We’ve been here before, of course. What I wrote in May 2014 could’ve easily been written today:
That sets up another “titanic” struggle between economists and money markets – academic models against those with actual money positions. The economist side sees taper as a signal that the economy is going to take off (as intended under the Bernanke scenario of influencing expectations), whereas the credit and dollar markets may be coming around to taper as optimal control, preserving policy margins ahead of economic turbulence.
We know which side stocks are betting on.
Stocks didn’t care, outside of seven months starting August 2015, that Economists got it wrong for the third time in the last almost twelve years dating back to Bill Dudley’s first ugly encounter with the curves in 2007. There was no recovery and acceleration in 2015, no big liftoff as had been planned by Economists and central bankers in 2014.
Even The New York Times two years too late finally fessed up and acknowledged what did happen instead.
Bonds were right.

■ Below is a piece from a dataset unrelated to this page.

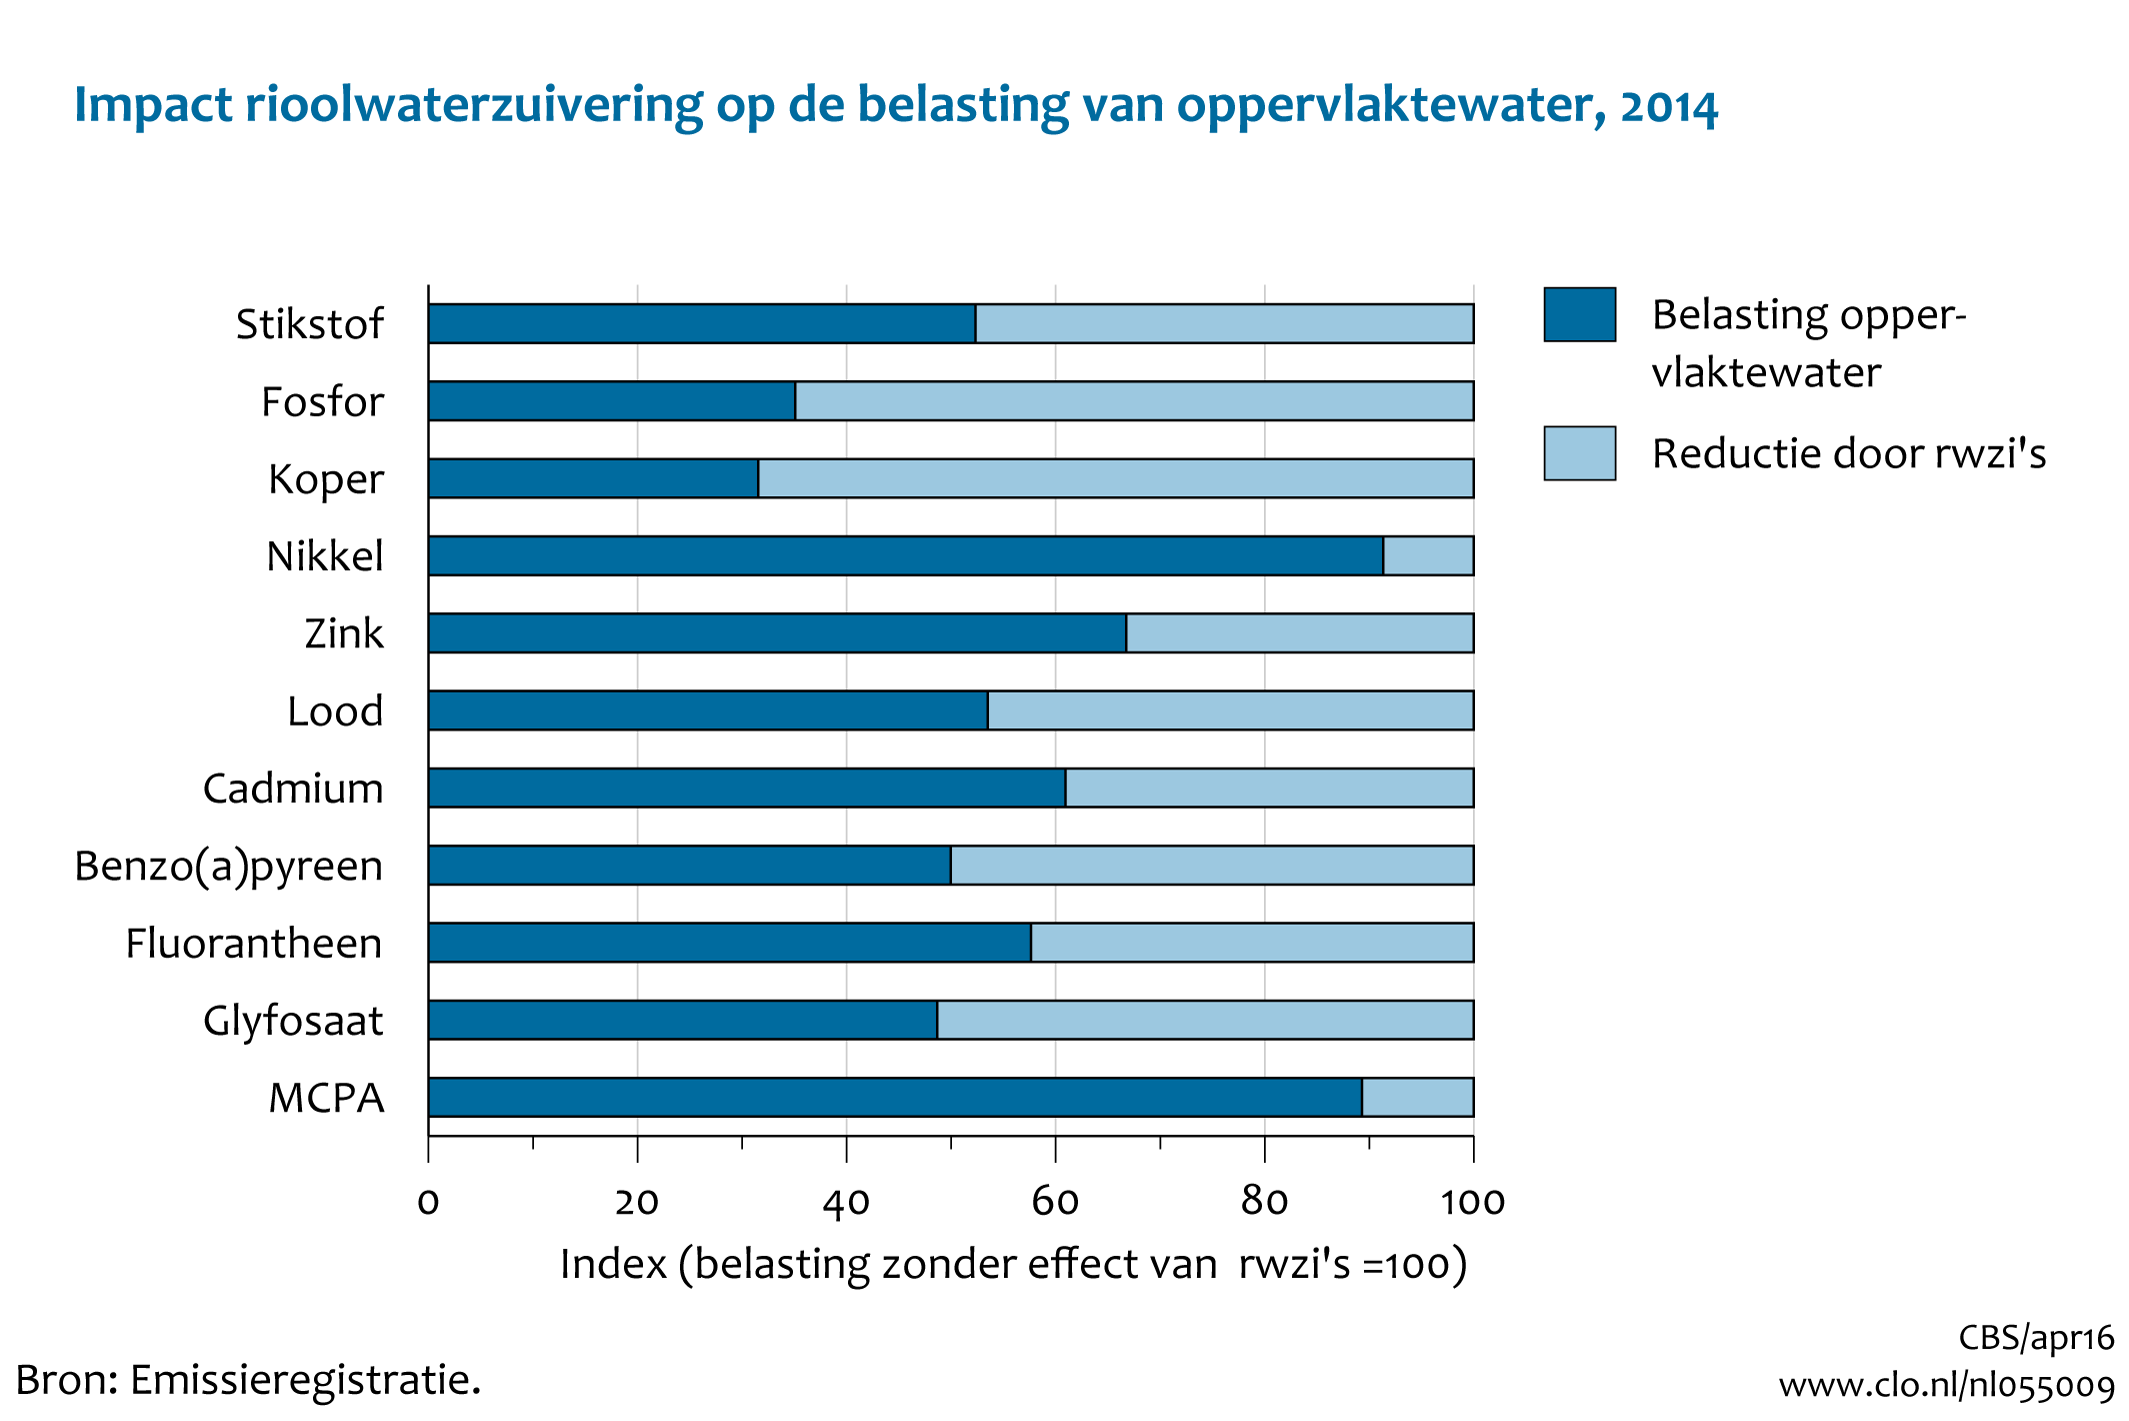 Figuur Impact rioolwaterzuivering op de belasting van oppervlaktewater 2014. In de rest van de tekst wordt deze figuur uitgebreider uitgelegd.

Euro$ #3 pushed the US economy very, very close to recession while the rest of the world suffered a variably intense nightmare. The way the markets are positioned now, that’s actually the upside to today’s confirmed Euro$ #4, the least worst case. If bonds are specifically right about rate cuts, that’s more of a downside still.
Then again, Economists and their models could just get lucky for once. That’s about all they have going for them at this point. When does it ever just work out great once all the biggest financial institutions in the world, despite what the Economists working for them say, all pile in on liquidity preferences? Pretty much never, especially when the reasons they are and have been are right there in front of everyone.